• _WHAT THE TASK ASKS_: All lines in the records below from the line with "a very very" through the line with "Best Restaurants In Covington La" are to be given again exactly, both ends included; the pictures are to be left out.

• _EXERCISE DATA_:
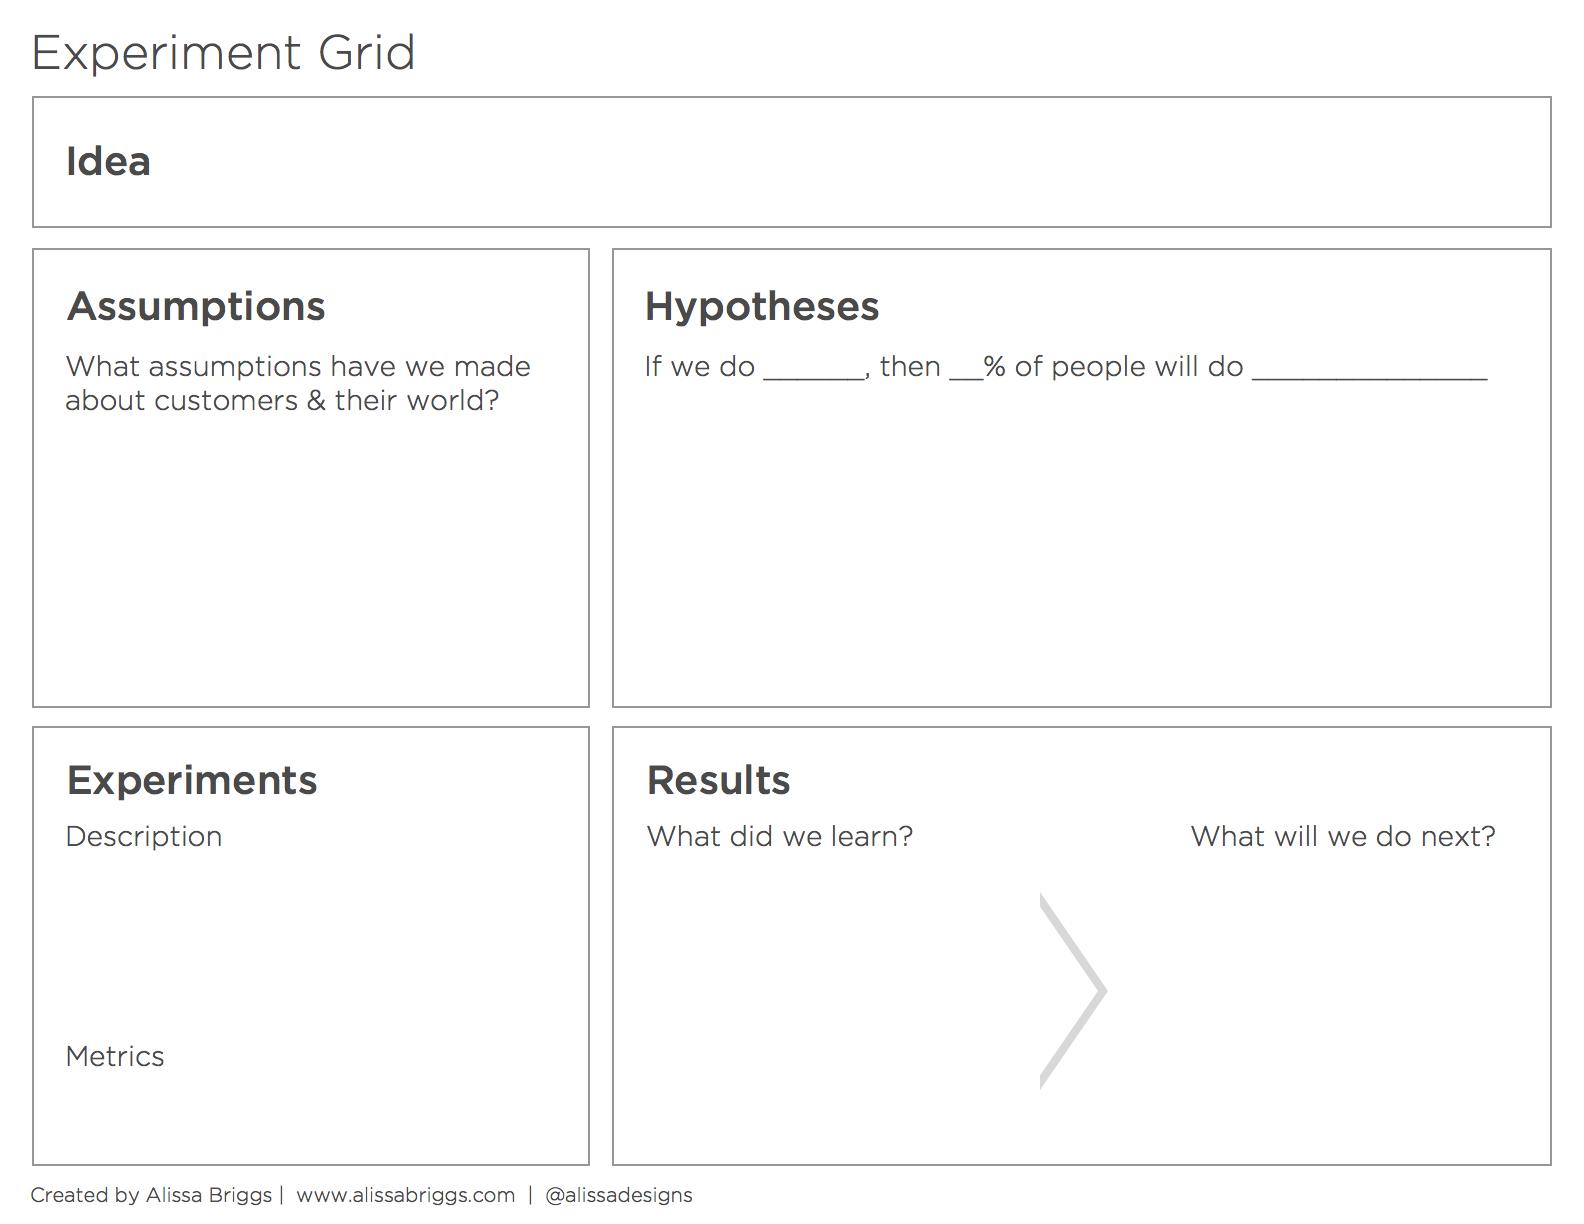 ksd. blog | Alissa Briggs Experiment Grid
==
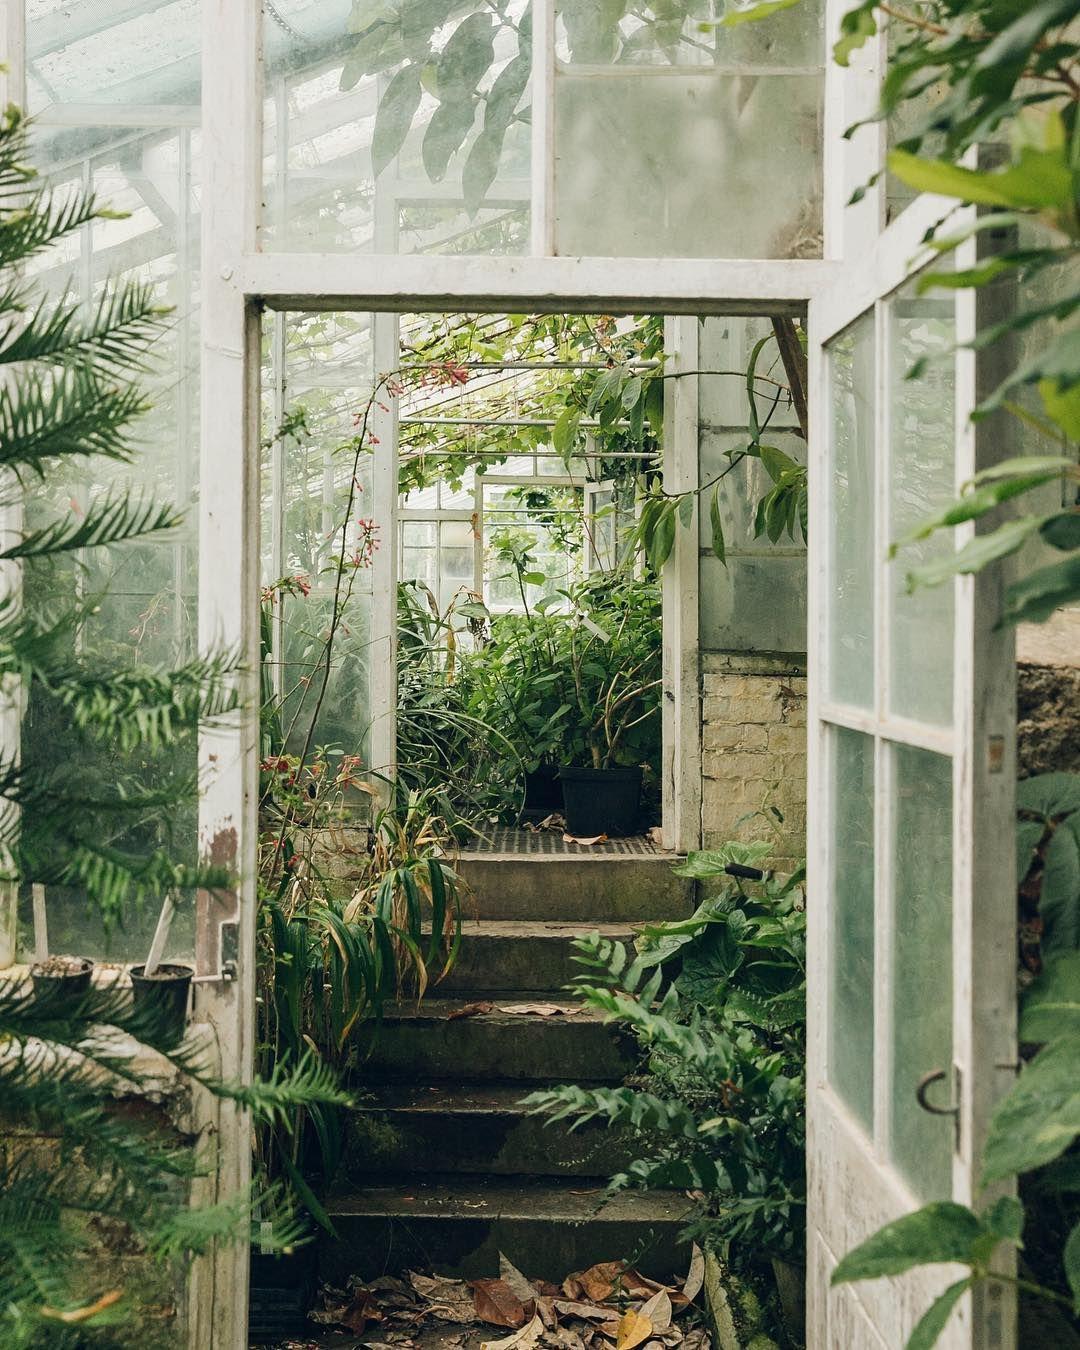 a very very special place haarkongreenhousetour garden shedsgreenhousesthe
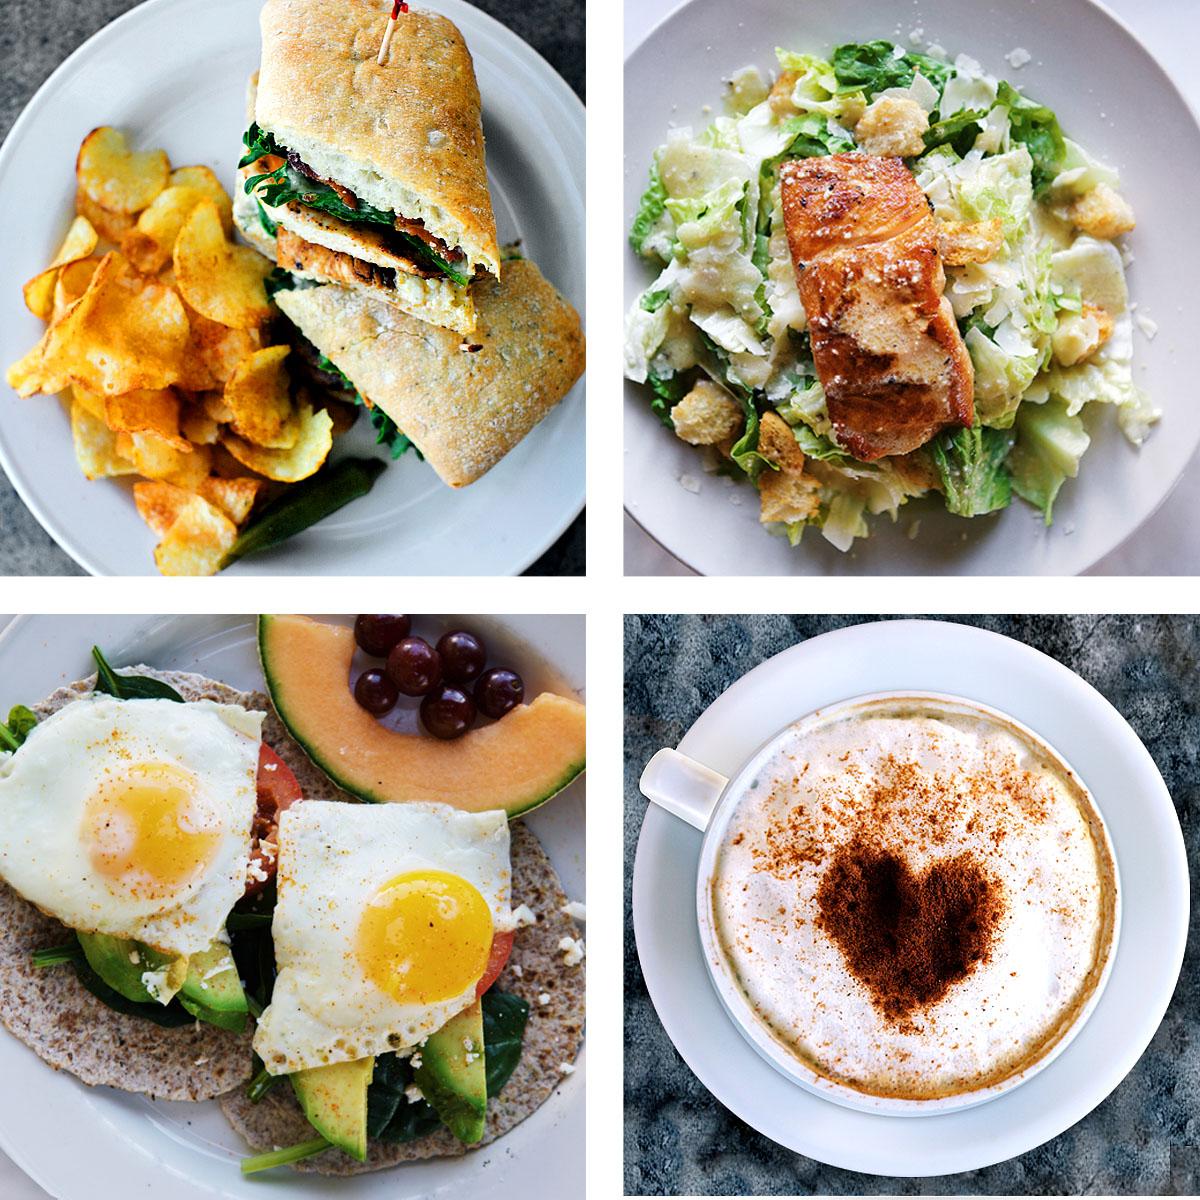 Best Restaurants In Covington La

• _TASK SOLUTION_:
 a very very special place haarkongreenhousetour garden shedsgreenhousesthe
 Best Restaurants In Covington La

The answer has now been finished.